Let's start by talking about the olive oil side of things. Can you explain the process and what goes into making a batch of cold pressed olive oil?

 

Basically, you have your farmer in Greece who is cultivating olive trees. These trees have been planted in the last 50 to 100 years. Some of them, in the last thousand years. The olive tree is extremely resilient and it doesn't need a lot of water. Then, you're making sure it's not getting contaminated with insects or pests that could kill it. Our olive oil is all organic, and that means anything that's happening in the cultivation process is non-chemical. Around November, you remove the olives from the trees by knocking them off with a long rake and they fall onto tarps. We take the bags of olives to the olive oil mill where they are washed and moved through a machine that takes out the pits and then they press the olives and you get the juice.

 

How involved are you in the process? Are you actually going to Greece and visiting the farm, or was that only a one time thing?

 

We are there every season for the harvest. I'm not the farmer in the fields all year taking care of the trees, but I'm there for several weeks every year in October and November making sure that the process is going smoothly and actually working with the farmers in the mill.
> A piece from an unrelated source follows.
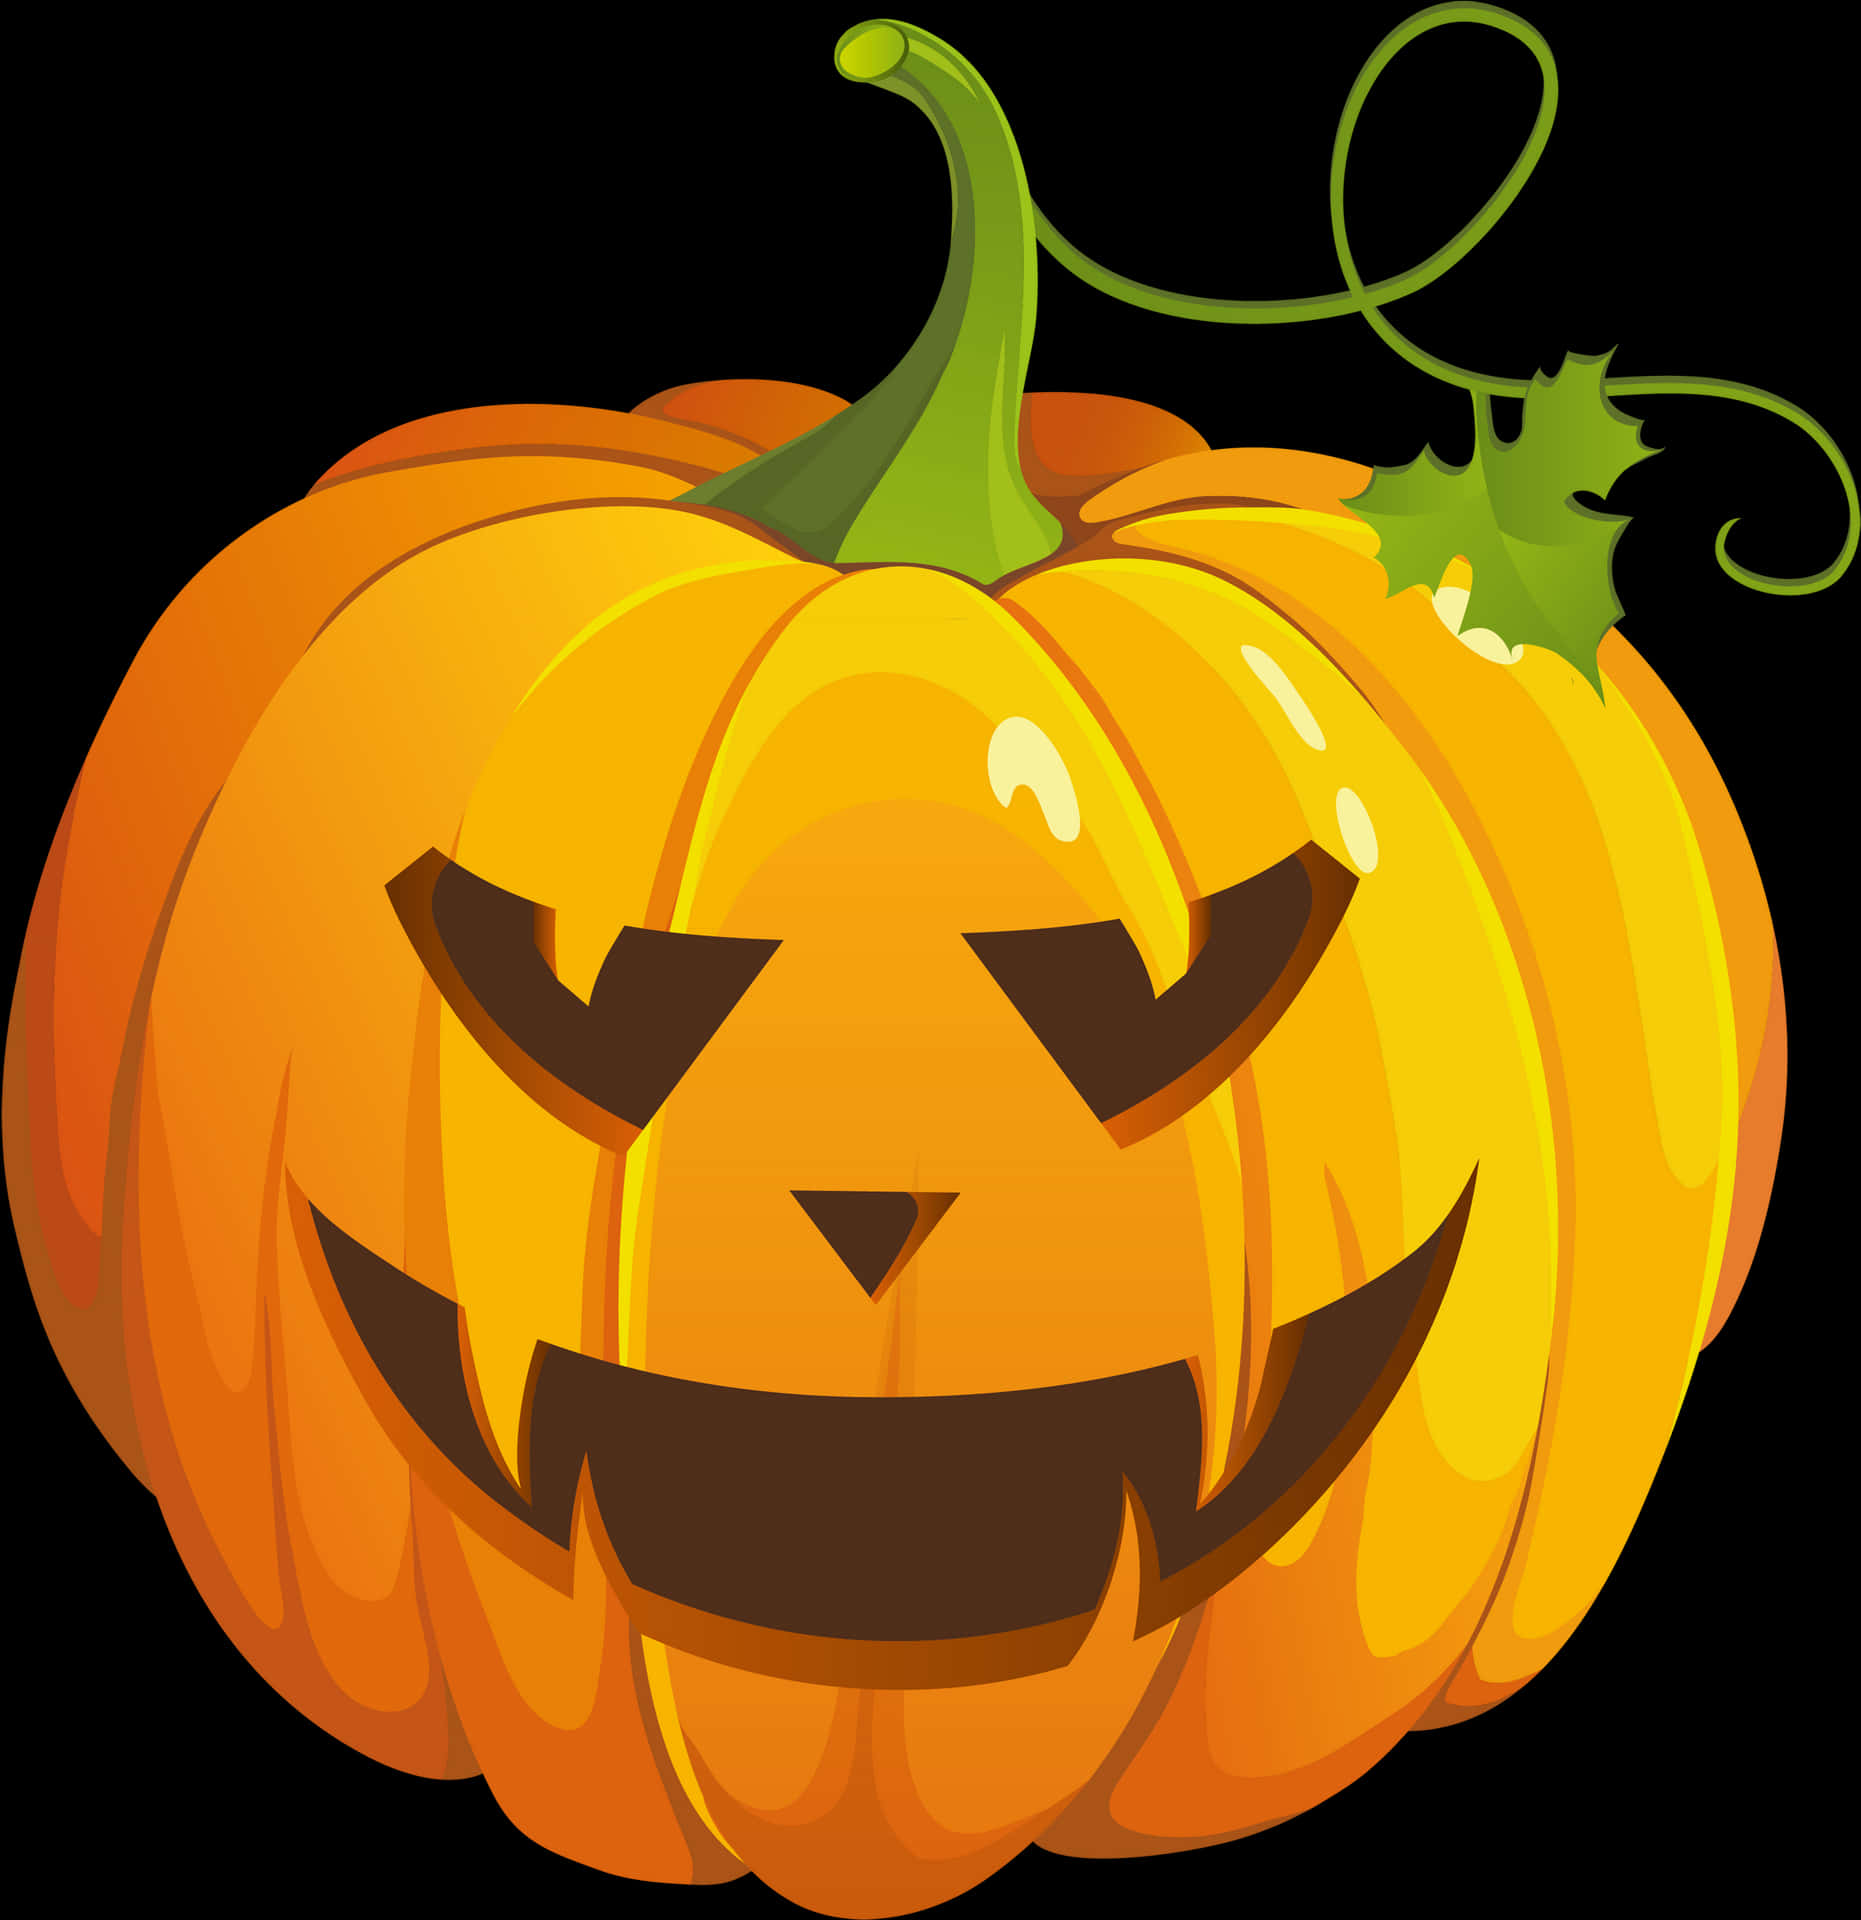 Halloween Pumpkin Carving Illustration PNG image
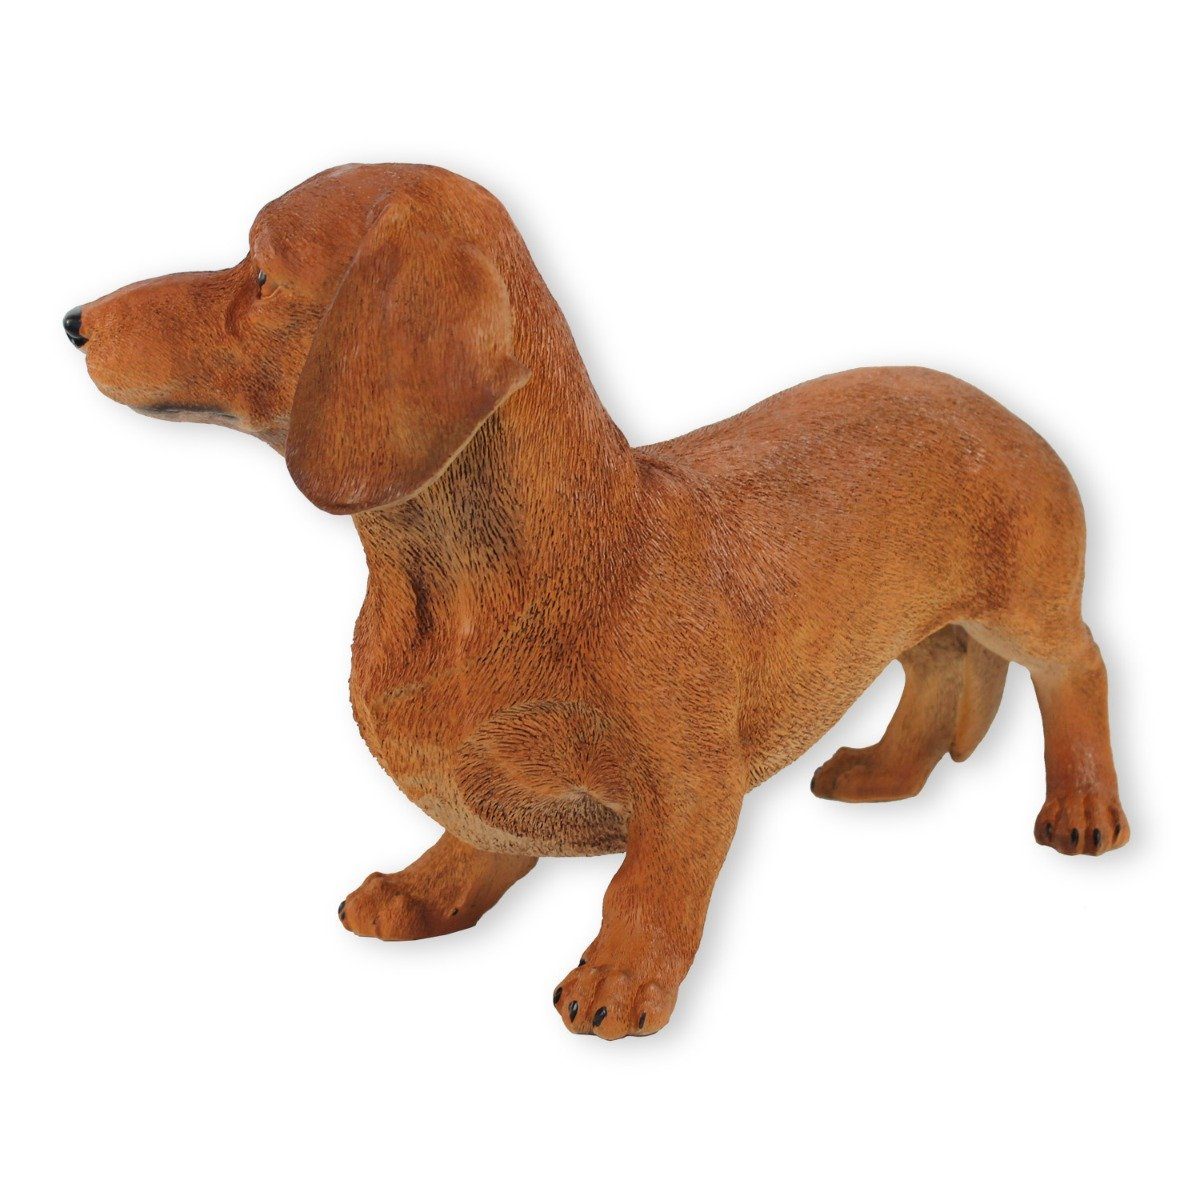 Tierfigur realistische Figur handbemalt, Hunde Tierfigur, Gisbert stehend Dackel Darstellung Hund colourliving

As we start to scale, that will change in terms of my ability to actually just work only exclusively with one farmer, but we are there and we are a deep part of that process.

 

How did you go from being a book publisher living in New York City to owning an olive oil company in Copenhagen?

 

This opportunity was presented to me in February of 2020, at a time in my life when I was peaking as a publisher in regard to what I was doing with Paradigm. Then the pandemic happened and I was back in Ohio working on a photo book, taking care of myself and my mental health. I started googling people associated with the Japanese farmer Masanobu Fukuoka and that brought me to this Greek farmer. I bought a one-way ticket to Greece and started farming. He put me in touch with this olive oil farmer. When I finished my apprenticeship, I reached out to this farmer and went and found him and saw his production and what he was doing. I was captivated by his ideology and his mind around farming and production. I brought his oil to Denmark, introduced it to my business partner, and the rest is history. Now, I live in Copenhagen and have an olive oil store. I was open to the transition and was ready to take that next step into a different place of my life. I was publishing for almost 12 years and I was working in the arts and creating different communities and activations around Paradigm, but I saw this opportunity and I had to take it.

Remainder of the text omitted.